Sales last month of the Nissan Leaf were higher than August but fell 4.6 percent in September compared to same period last year and its year-to-date numbers trail last year’s pace. So far, Nissan has sold 5,212 of its battery-electric hatchback sedans, compared to 7,199 by this time in 2011.
General Motors’ Chevy Volt, which runs mainly on its electric motor and has a gas engine that acts as a generator, saw a big jump in sales compared to last year and is on target to sell about double the amount of last year. There were 2,851 Chevy Volts sold last month, about the same as August, and the company has sold 16,348 of the plug-in electric cars this year. GM is still far off from its target of selling up to 45,000 Volts this year in the U.S.
Toyota’s Plug-in Prius, which was introduced later than the Leaf, has already eclipsed the Leaf in sales. The company sold 1,652 Plug-in Prius models last month and doubled sales compared to last year. So far it has sold 50 percent more plug-in hybrids than the Nissan Leaf, according to Greencar Reports. Sales of the all-electric Mitsubishi iMiev and Ford Focus Electric are far below Leaf sales, it said.
Last month’s auto sales also reflect solid consumer demand for smaller, more fuel-efficient cars. Sales at Ford and GM overall were tepid but both companies said small car sales growth was strongest. Toyota said sales of hybrids rose dramatically, up 120 percent to 26,747 in September.
Month-to-month sales can be heavily affected by dealer incentives. Officially, drivers can lease the Chevy Volt, for example, for $299 per month for three years with $2,899 down, but there are reports of better lease deals. Nissan executives said this week that improved incentives helped boost sales in September compared to August.
But even with month-to-month variations, the stronger sales this year of plug-in hybrids and hybrids over battery-electric cars fit the bigger technical trends in the auto industry.
As carmakers seek to meet fuel economy standards, they will squeeze more efficiencies from internal combustion engines, such as smaller engines with turbos, and use lighter materials. (See Stringent CAFE Standards Push Automakers.)

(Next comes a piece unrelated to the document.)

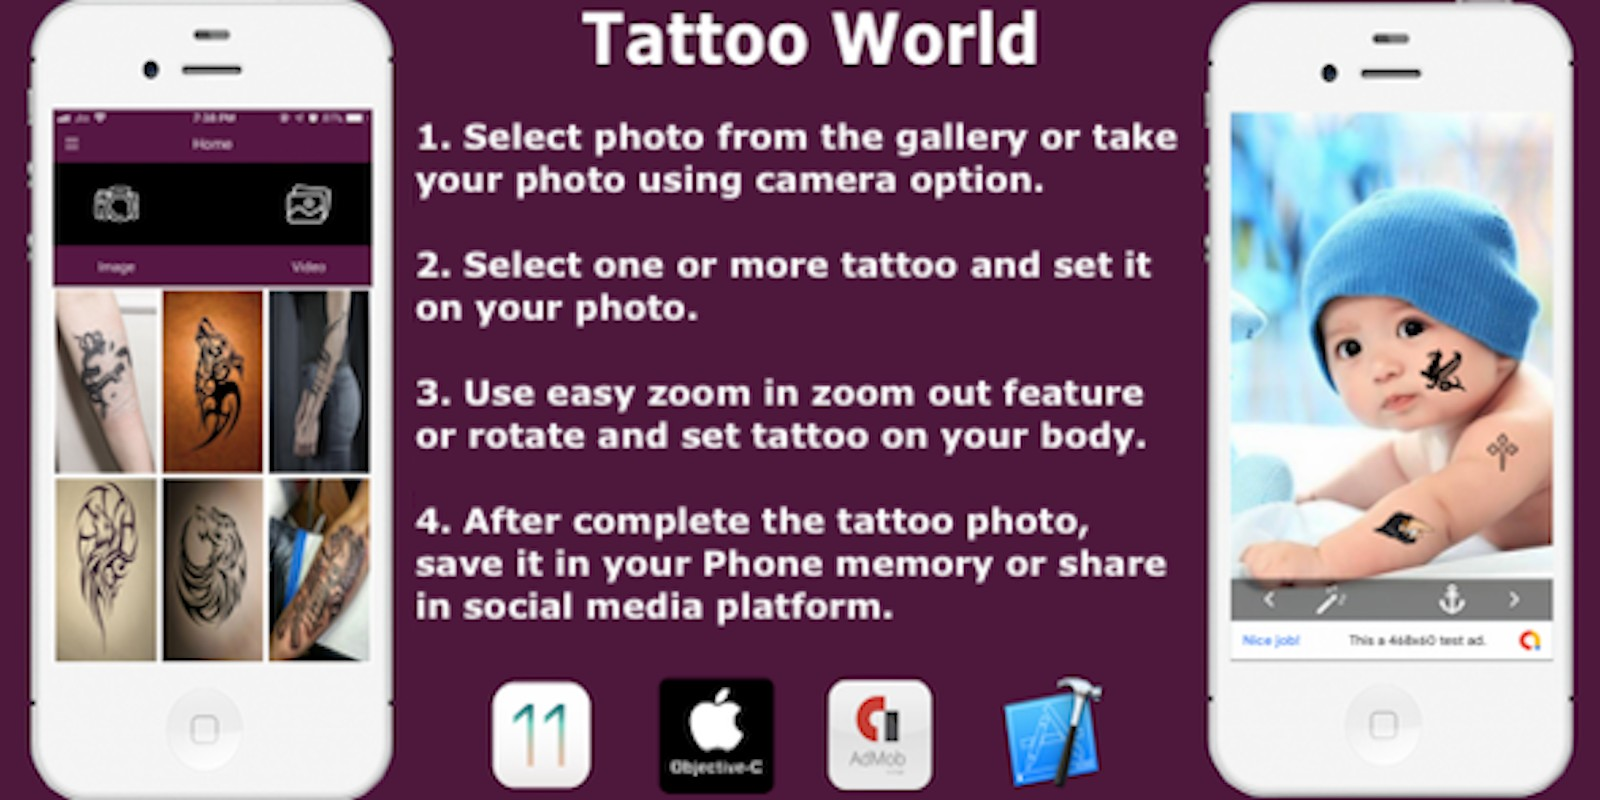 Tattoo World - iOS Source Code

Hybrids add costs to vehicles, including batteries and electric motors, but automakers have been able to lower prices through incremental improvements and economies of scale. (See, Carmakers Find Cheaper Way to Make Hybrids.) Meanwhile, demand for battery electric vehicles has not been as high as anticipated a few years ago in part because the lithium ion batteries remain expensive. (See, Too Many Battery Factories, Too Few Electric Cars.)
Automakers will still make all-electric vehicles. Honda is making the Fit EV and Toyota’s RAV4 EV are out this year, although those are considered low-volume products made in part to comply with California regulations for zero-emissions vehicles. Tesla Motors, which sold about 200 Model S electric sedans last month, is committed to making only battery-electric vehicles.
But plug-in hybrids offer longer range, an important advantage for single-car owners. At the Paris Auto Show earlier this week, Volkswagen chief executive Martin Winterkorn said the company hasn’t dropped plans for battery electric vehicles but that plug-in hybrids offer the most practical path to reduce emissions.
“We had a realistic view of the technology all along,” he said at a company event, according to a report in the New York Times. “There will be, for a long time to come, no alternative to the internal combustion engine.”